• Exercise: Instruction for the entries below: return the part that opens with the line containing "Choosing the right pen" and closes with the line containing "Mazda VISION COUPE", exactly, and no pictures.

• Supplied records:
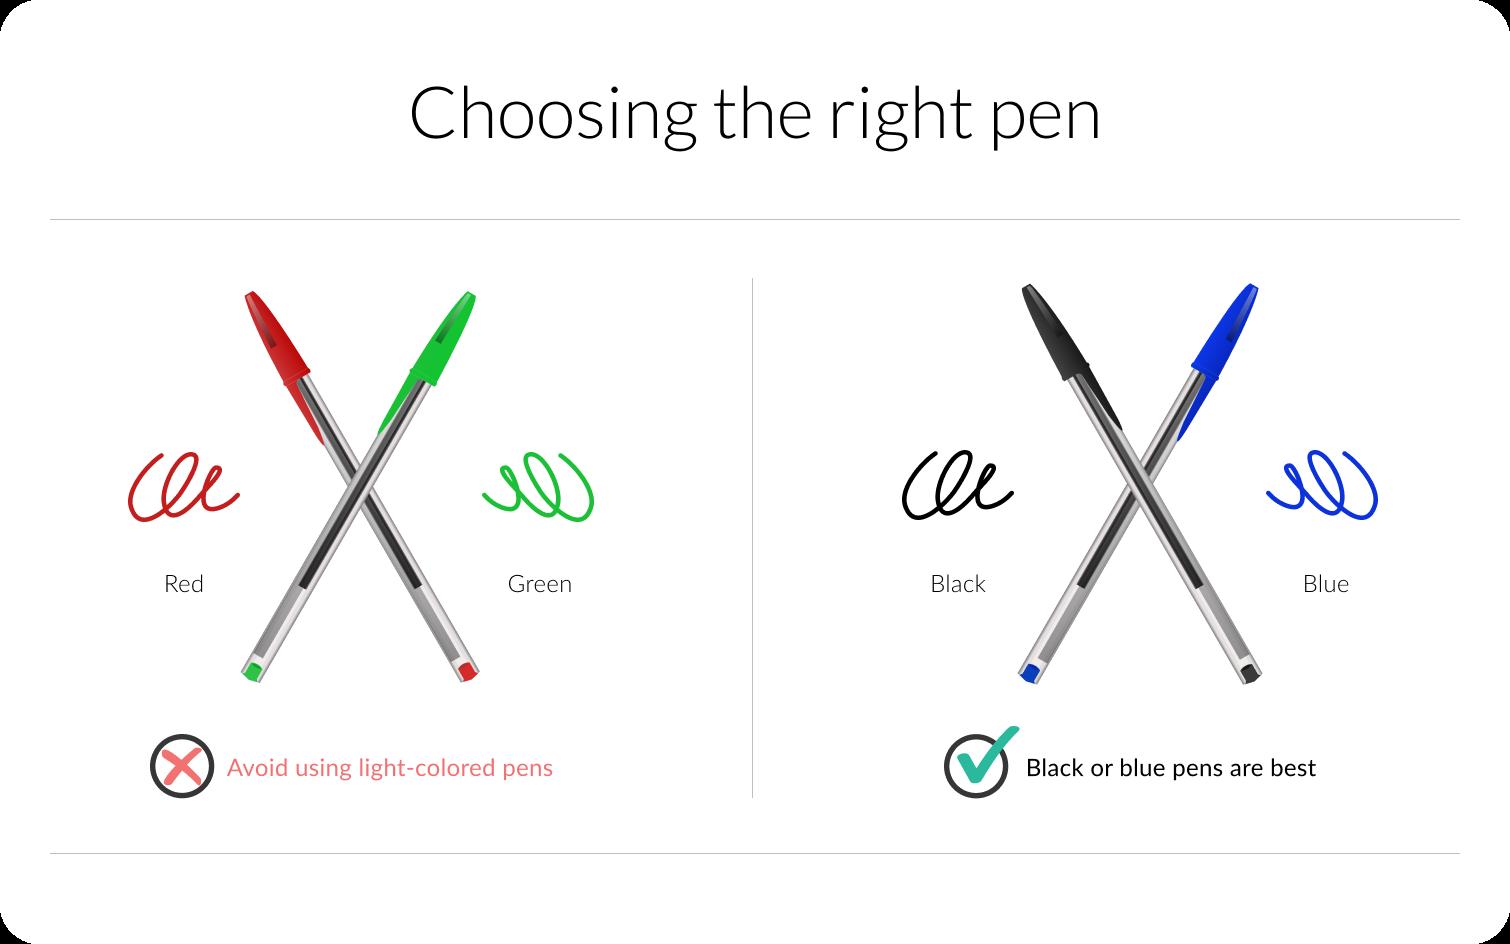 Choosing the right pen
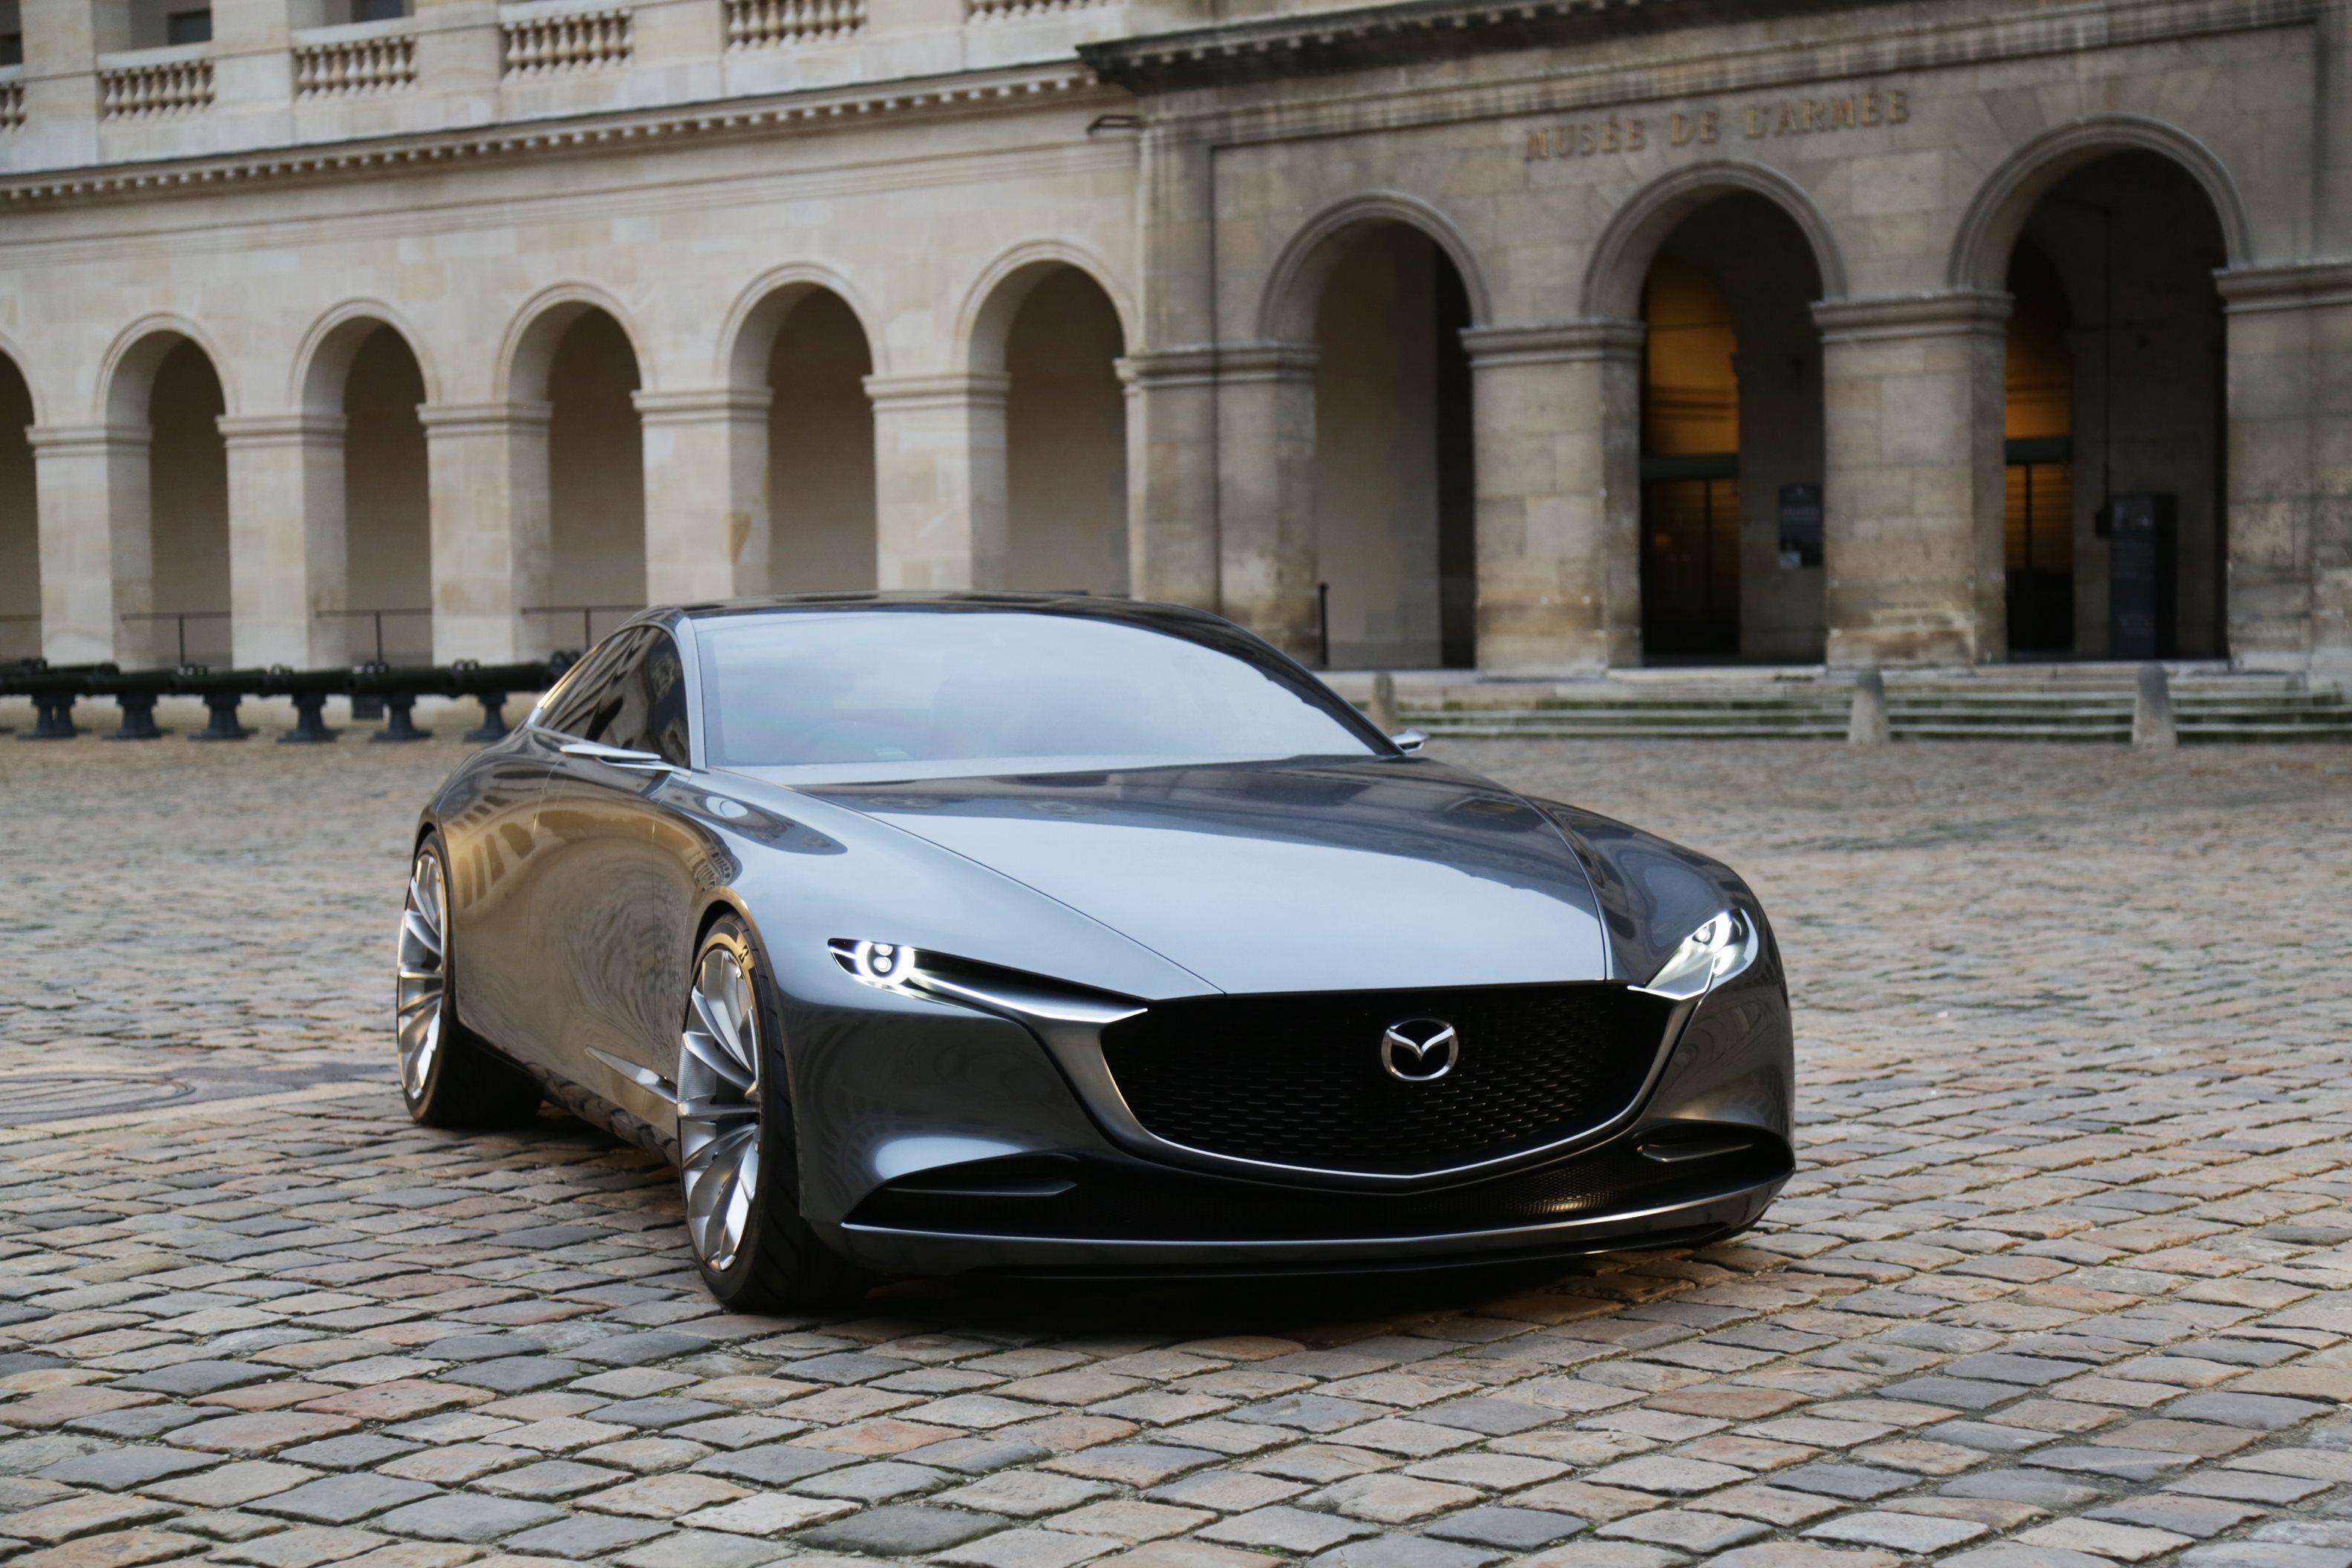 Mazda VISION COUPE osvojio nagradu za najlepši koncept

---

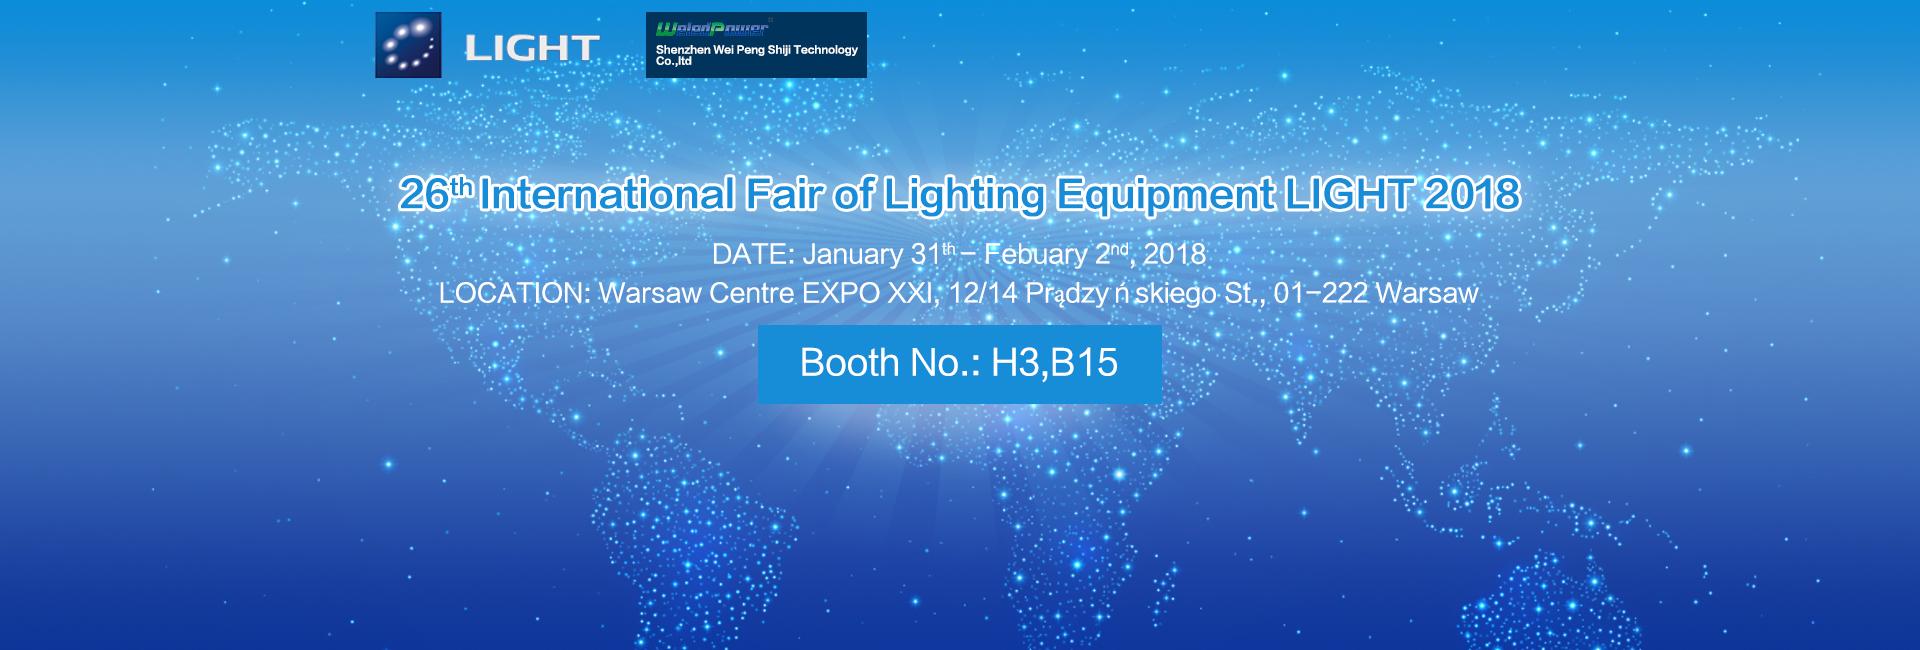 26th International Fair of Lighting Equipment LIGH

• Answer to this problem:
 Choosing the right pen
 Mazda VISION COUPE osvojio nagradu za najlepši koncept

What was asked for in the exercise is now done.